In summary, the present invention discloses a content hotness label generation method, an intelligent terminal and a storage medium, including: obtaining user comment data, and extracting a plurality of content entity tags corresponding to the user comment data from the user comment data; clustering the content entity labels, and determining a plurality of clustering clusters corresponding to the user comment data; and generating a content heat label corresponding to the user comment data according to the clustering clusters. According to the method and the device, the content entity labels are extracted from the user comment data, and the content popularity label is generated according to the clustered content entity labels, so that the content popularity label in the user comment data can be accurately acquired.
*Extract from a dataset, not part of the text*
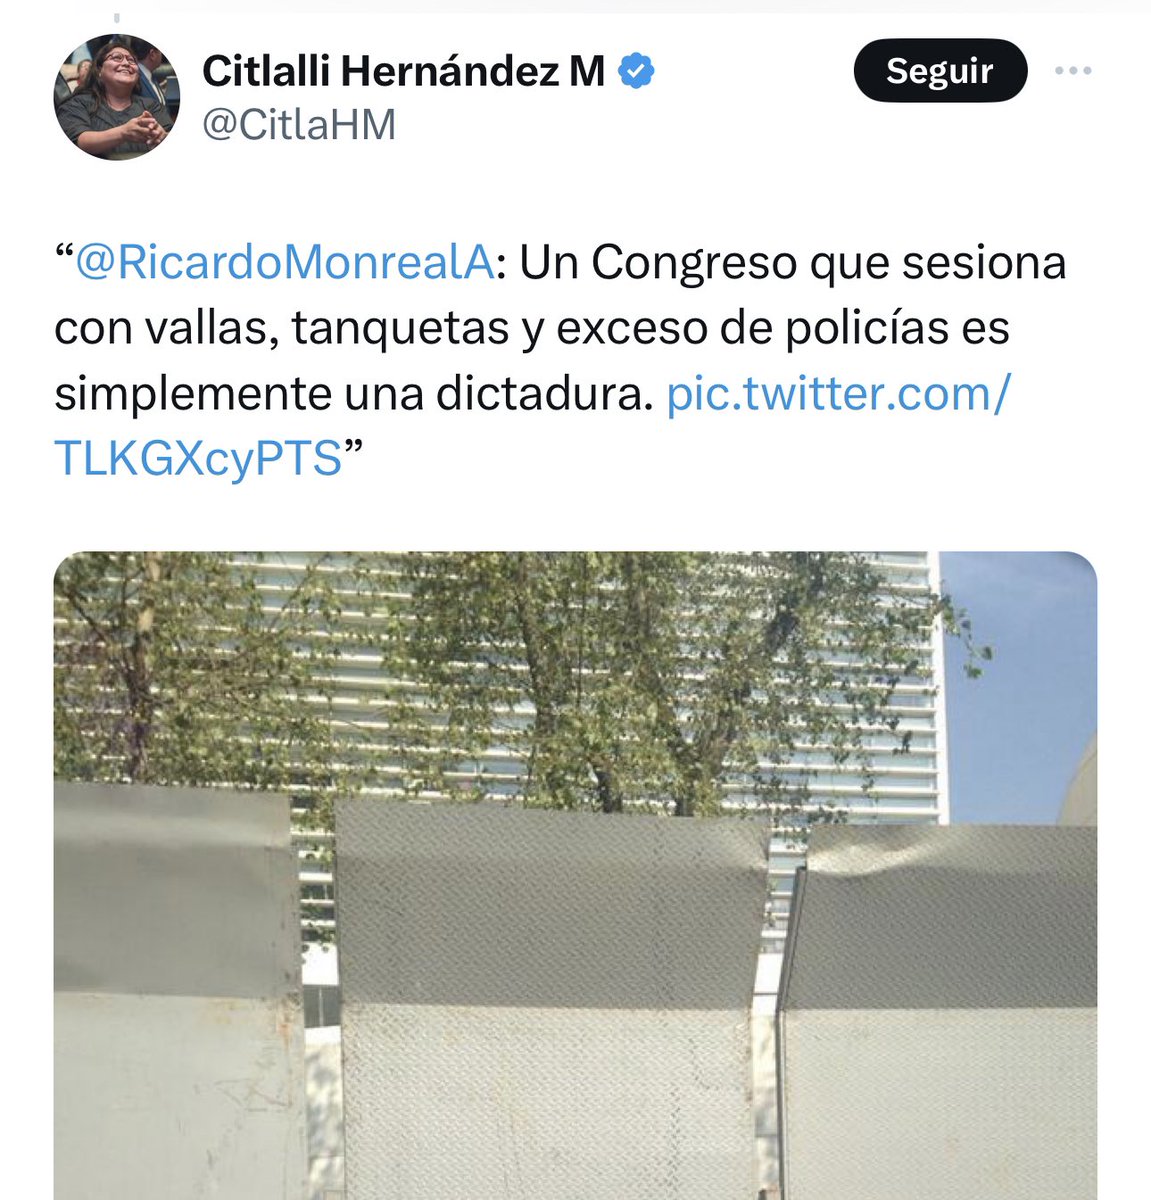 @CitlaHM Morena llegó al poder en democracia pero desde el gobierno Morena inició los ataques para debilitar al INE, regresarlo a SEGOB para que Bartlett hiciera lo suyo, ahora con autoritarismo y recursos públicos organizan una elección de Estado, la democracia en México está en riesgo!

It is to be understood that the invention is not limited to the examples described above, but that modifications and variations may be effected thereto by those of ordinary skill in the art in light of the foregoing description, and that all such modifications and variations are intended to be within the scope of the invention as defined by the appended claims.

Claims

1. A method for generating content hotness labels, the method comprising:

2. The method according to claim 1, wherein the step of extracting a plurality of content entity tags corresponding to the user comment data from the user comment data includes:

preprocessing the user comment data to obtain preprocessed user comment data;

3. The method according to claim 1, wherein the clustering the content entity tags and the determining the cluster clusters corresponding to the user comment data comprises:

vectorizing the content entity tags to obtain a plurality of vectorized tags;

4. The method according to claim 3, wherein the clustering the vectorized tags and the determining the clusters corresponding to the user comment data comprises:

5. The method of claim 4, wherein the neighborhood parameters comprise a neighborhood distance threshold and a neighborhood number threshold, and wherein determining the set of core object samples from the vectorized labels and the neighborhood parameters comprises:

6. The method according to claim 4, wherein the step of determining a plurality of cluster clusters corresponding to the user comment data according to the core object sample set and the neighborhood parameters comprises:

7. The method according to claim 6, wherein the step of determining the cluster corresponding to the target core object according to the target core object and the neighborhood parameters comprises:

8. The method according to claim 1, wherein the step of generating the content popularity tag corresponding to the user comment data according to the plurality of clusters comprises:

9. An intelligent terminal comprising a memory, and one or more programs, wherein the one or more programs are stored in the memory, and wherein the one or more programs configured to be executed by the one or more processors comprise steps for performing the content hottag generation method of any one of claims 1-8.

10. A computer readable storage medium, wherein instructions, when executed by a processor of an electronic device, enable the electronic device to perform the steps of the content hottag generation method according to any one of claims 1 to 8.